Since $z$ is explicitly defined by $x, y$ we can study the solutions of $\S 1$ by plotting $x, y$ on the $x-y$ plane (Figure 2). At first sight, a mathematically naive person might perceive only a limited order in this plot of the solutions. However, as we shall see below, a closer examination and some algebra reveals a deep structure.

Figure 2. Some of the more obvious structure is indicated in different colors and is discussed below in detail.

Solution circles, 2 square numbers and Brahmagupta’s identity
Some simple algebra can provide an understanding of the structure of the solutions of $\S 1$. From $\S 1$ it is obvious that all solutions would be lattice points $(x,y)$ on circles of radius $z^{3/2}$. Based on this, we can determine a set of $x, y, z$ that are to solutions of $\S 1$ thus: let $z$ be an integer that is the sum of two perfect squares, $z=m^2+n^2$. Then,
$\left(m^2+n^2\right)^3= m^6 + 3m^4n^2 + 3m^2n^4 + n^6\\[6pt] =(m^6+2m^4n^2+m^2n^4)+(n^6+2m^2n^4+m^4n^2)\\[6pt] =m^2(m^4+2m^2n^2+n^4)+n^2(n^4+2m^2n^2+m^4)\\[6pt] =(m(m^2+n^2))^2+(n(m^2+n^2))^2 \; \; \; (\S 2)$

Thus, if $z=m^2+n^2$ (i.e. it is a 2 square number) $\S 2$ gives us an expression for $z^3$ as the sum of 2 squares.
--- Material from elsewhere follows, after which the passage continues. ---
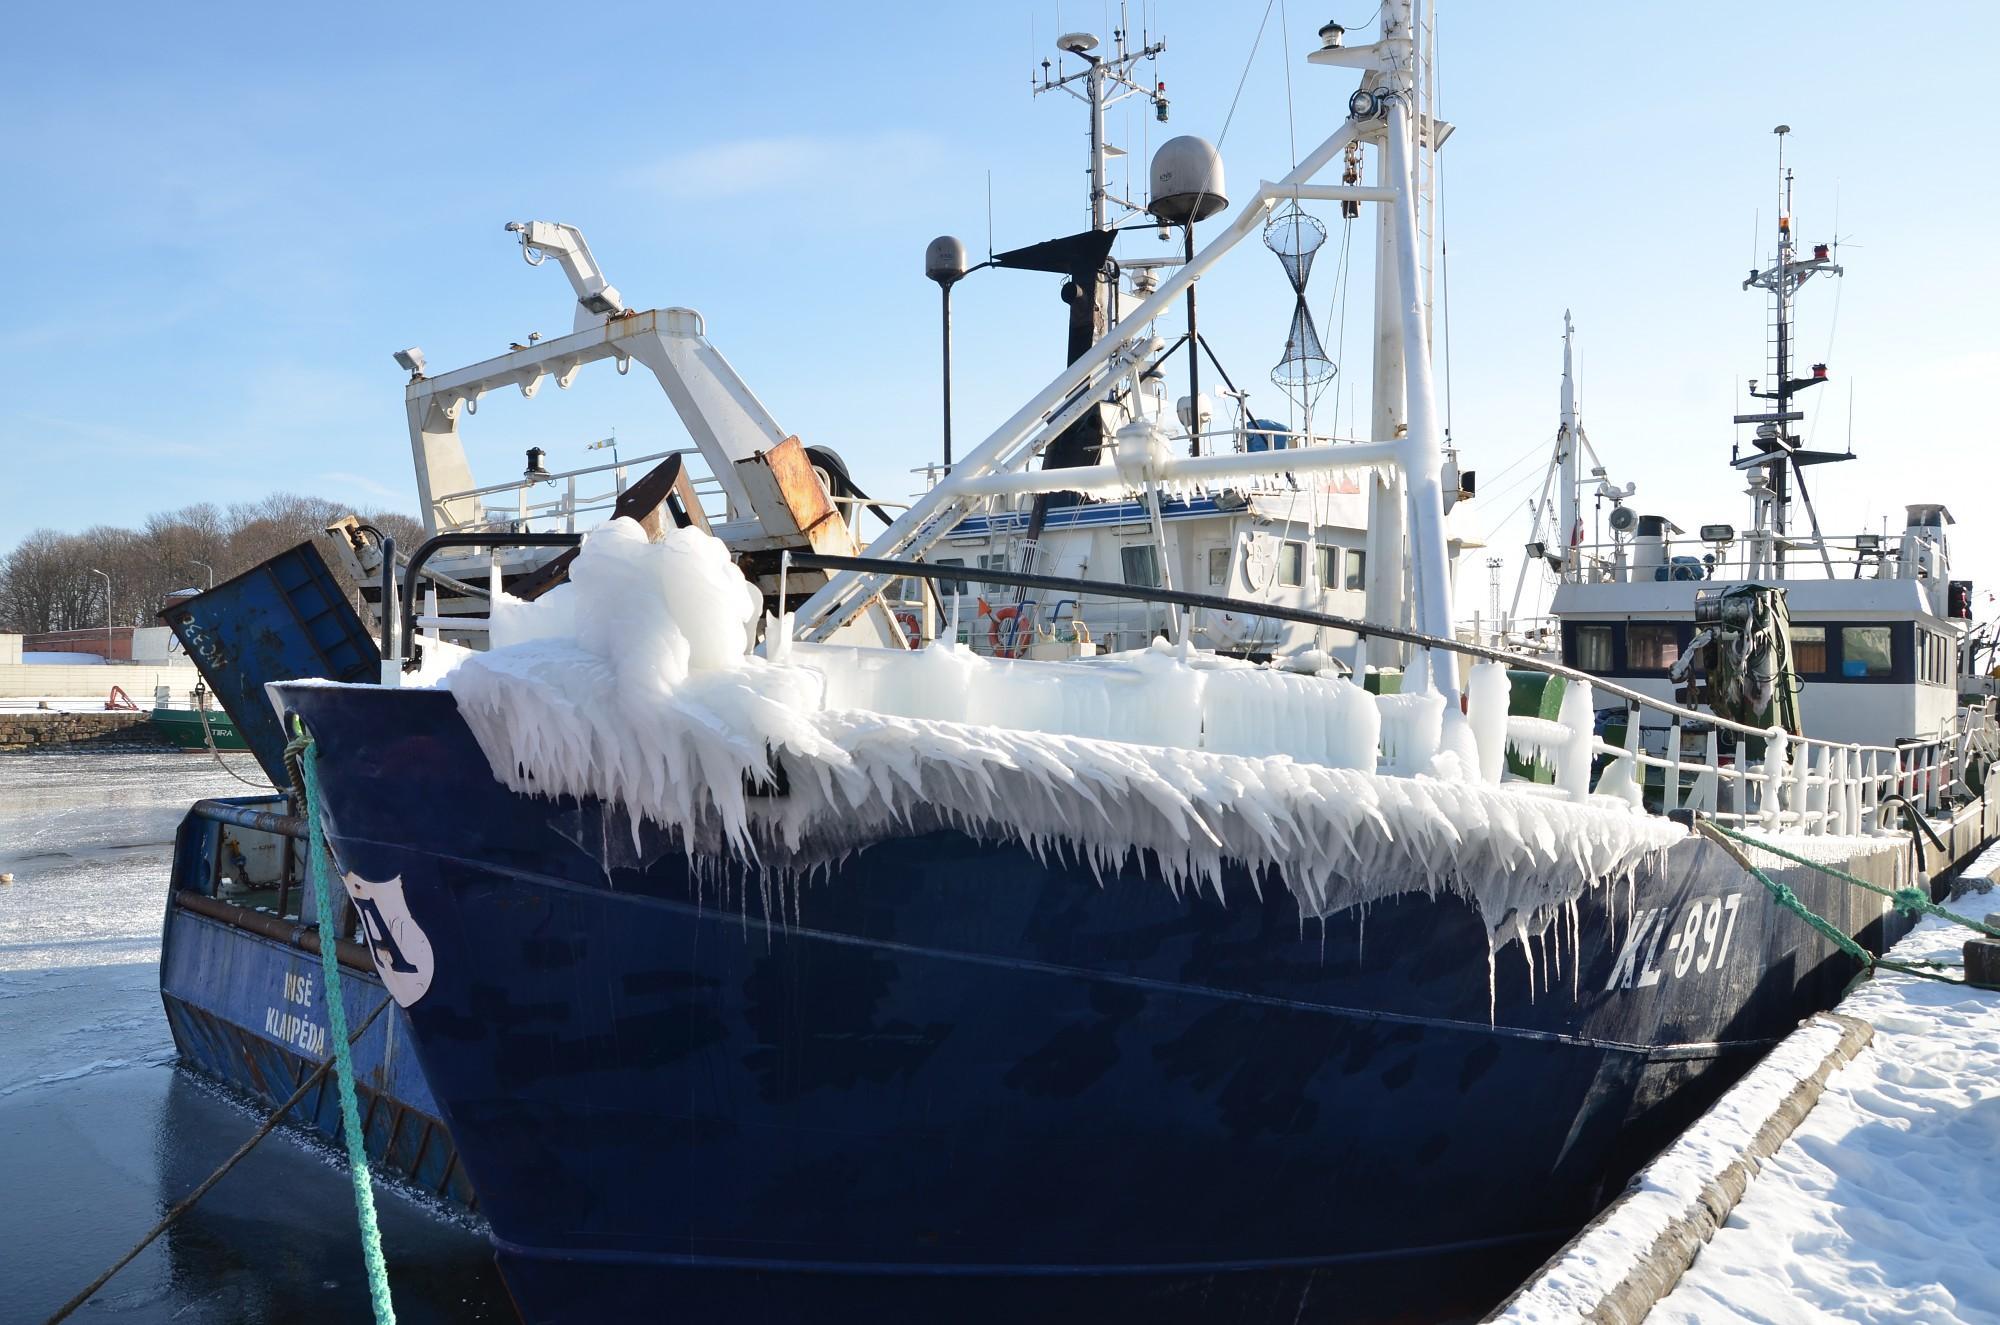 Sals šorīt sasniedzis mīnus 18,6 grādus

Hence, the valid solutions to $\S 1$ will be all
$x=m^3+n^2m\\[6pt] y=n^3+m^2n\\[6pt] z=m^2+n^2$

For example, if $z=5 = 1^2+2^2$ we have $m=1; \; n=2$. Thus, $x=1^3+2^2\times 1=5$ and $y=2^3+1^2\times 2= 10$. Hence, $z$ which belong to the 2 square sequence, i.e. numbers that can be non-trivially (i.e. one of the terms is not 0) expressed as the sum of 2 perfect squares, are valid solutions: 2, 5, 8, 10, 13, 17, 18, 20, 25, 26… The corresponding $x, y$ can be derived as above. One also notices from the above expressions that $m^2+n^2=z$ is a common factor for $x, y, z$ in all such solutions to $\S 1$.

While this method yields $x=5, \; y=10, \; z=5$, we notice that the same $z=5$ also yields a second pair of $x=2, y=11$. Now how do we account for these additional pairs and for what values of $z$ they arise?
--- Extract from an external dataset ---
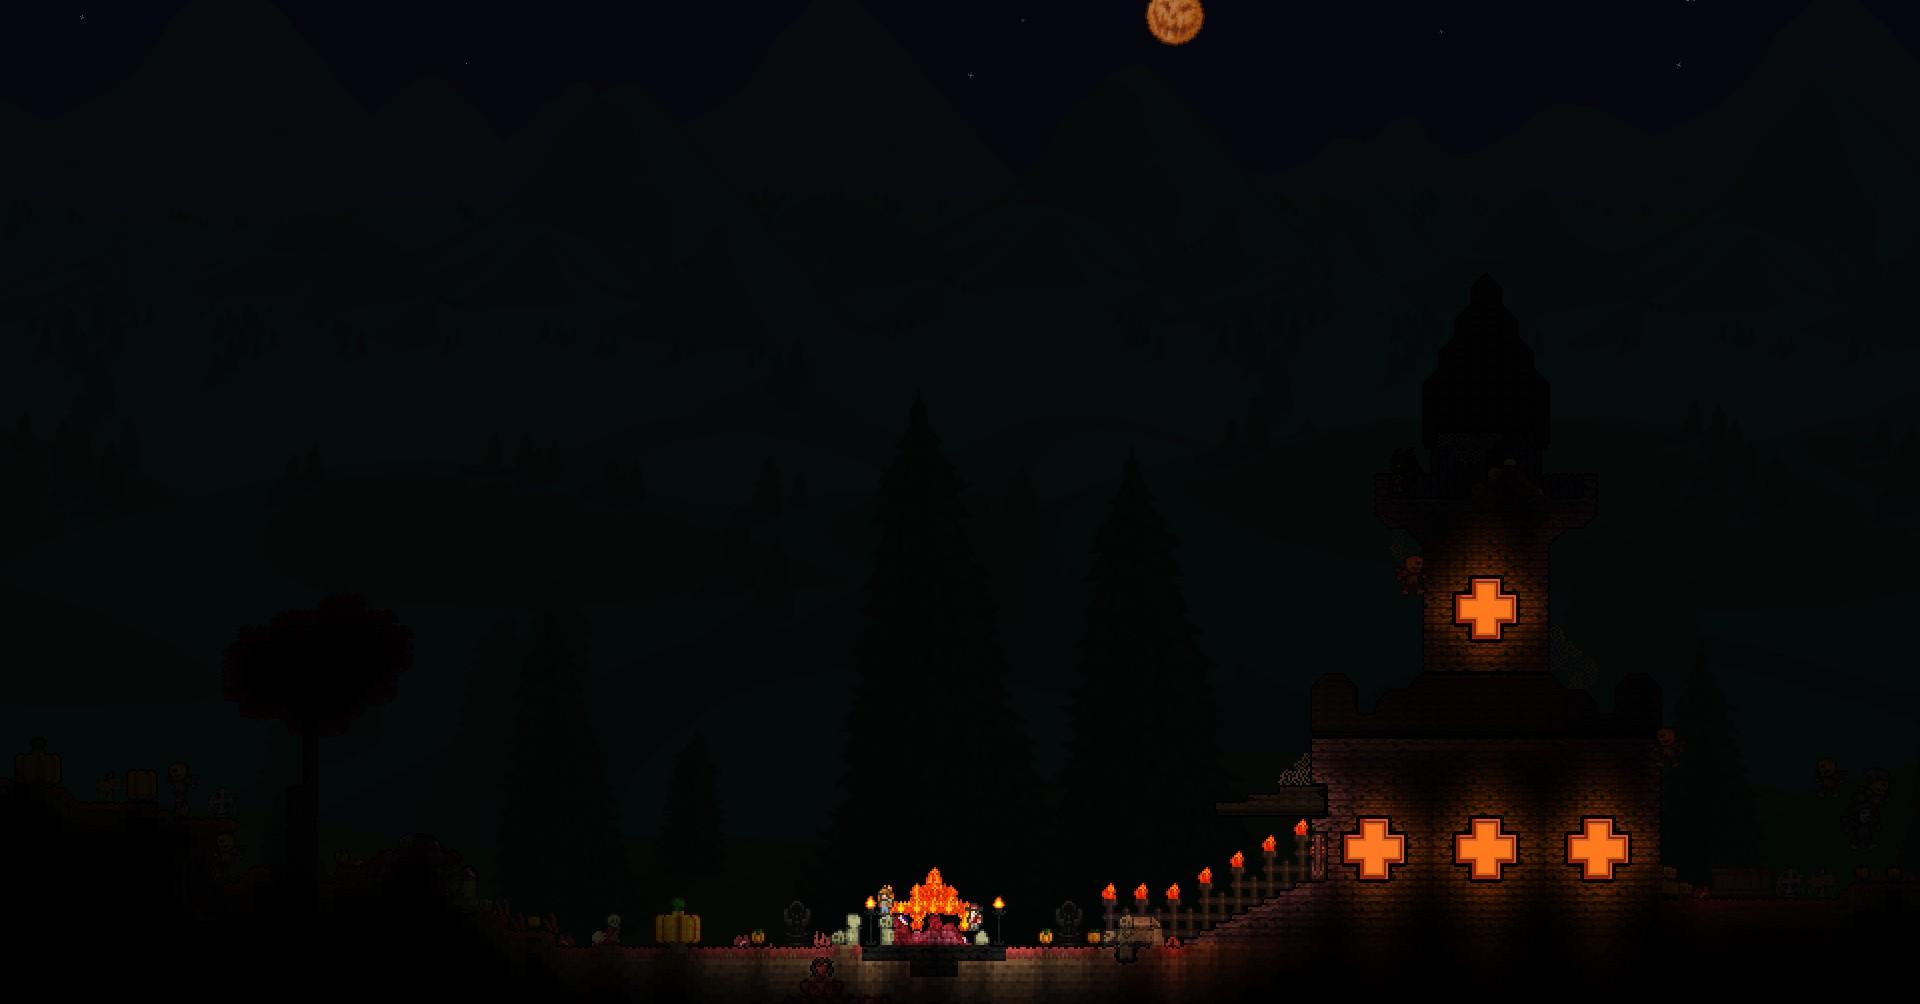 The Pumpkin Manor v_2.jpg

The most obvious set of these correspond to $z$ being equal to special numbers such as 5, 13, 17, 29… One notices that these are both 2 square numbers and primes of the form $4n+1$. Fermat first noticed that such primes are always 2 square numbers. This attracted the attention of some of the greatest mathematicians like Euler, Lagrange and Gauss, who proved it to be so by using different methods. What is important for us is that such primes are also the karṇā-s (hypotenuses) of primitive bhujā-koṭi-karṇā triples. Thus, we have $z=m^2+n^2$ from the fact that they are 2 square numbers and $z^2=a^2+b^2$ from the fact that they are bh-k-k hypotenuses. Hence, we can write,
$z^3=z \cdot z^2 =(m^2+n^2)(a^2+b^2)\\[6pt] =a^2m^2 + a^2n^2 + b^2m^2 + b^2n^2\\[6pt] =(a^2m^2 + b^2n^2 +2am \cdot bn) + (a^2n^2 + b^2m^2 - 2am \cdot bn))\\[6pt] =(an-bm)^2+(am+bn)^2 \; \; \; (\S 3)$

Alternatively,
$(a^2m^2 + b^2n^2 -2am \cdot bn) + (a^2n^2 + b^2m^2 + 2am \cdot bn)\\[6pt] (am-bn)^2 + (an+bm)^2 \; \; \; (\S 4)$

$\S 3$ and $\S 4$ give us the famous identities of Brahmagupta from which we get two expressions for $z^3$ as the sum of a pair of perfect squares when $z$ is a $4n+1$ prime. From $\S 3$ we get:
$x =|bm-an| \\[6pt] y = am+bn\\[6pt] z = m^2+n^2=\sqrt{a^2+b^2}$

From $\S 4$ we get:
$x= |am-bn|\\[6pt] y= an+bm\\[6pt] z=m^2+n^2=\sqrt{a^2+b^2}$

For example, if we take $z=5$, we have $m=1, \; n= 2, \; a=3, \; b=4$. From first set of expressions we get $x=|4-6|=2, \; y=3+8=11$. From the second we get $x=|3-8|=5; \; y= 6+4= 10$. The second pair $x, y$ is equivalent to what we can get via $\S 2$. Thus, when $z$ is a 2 square prime its cube can be expressed as the sum of distinct two pairs of squares.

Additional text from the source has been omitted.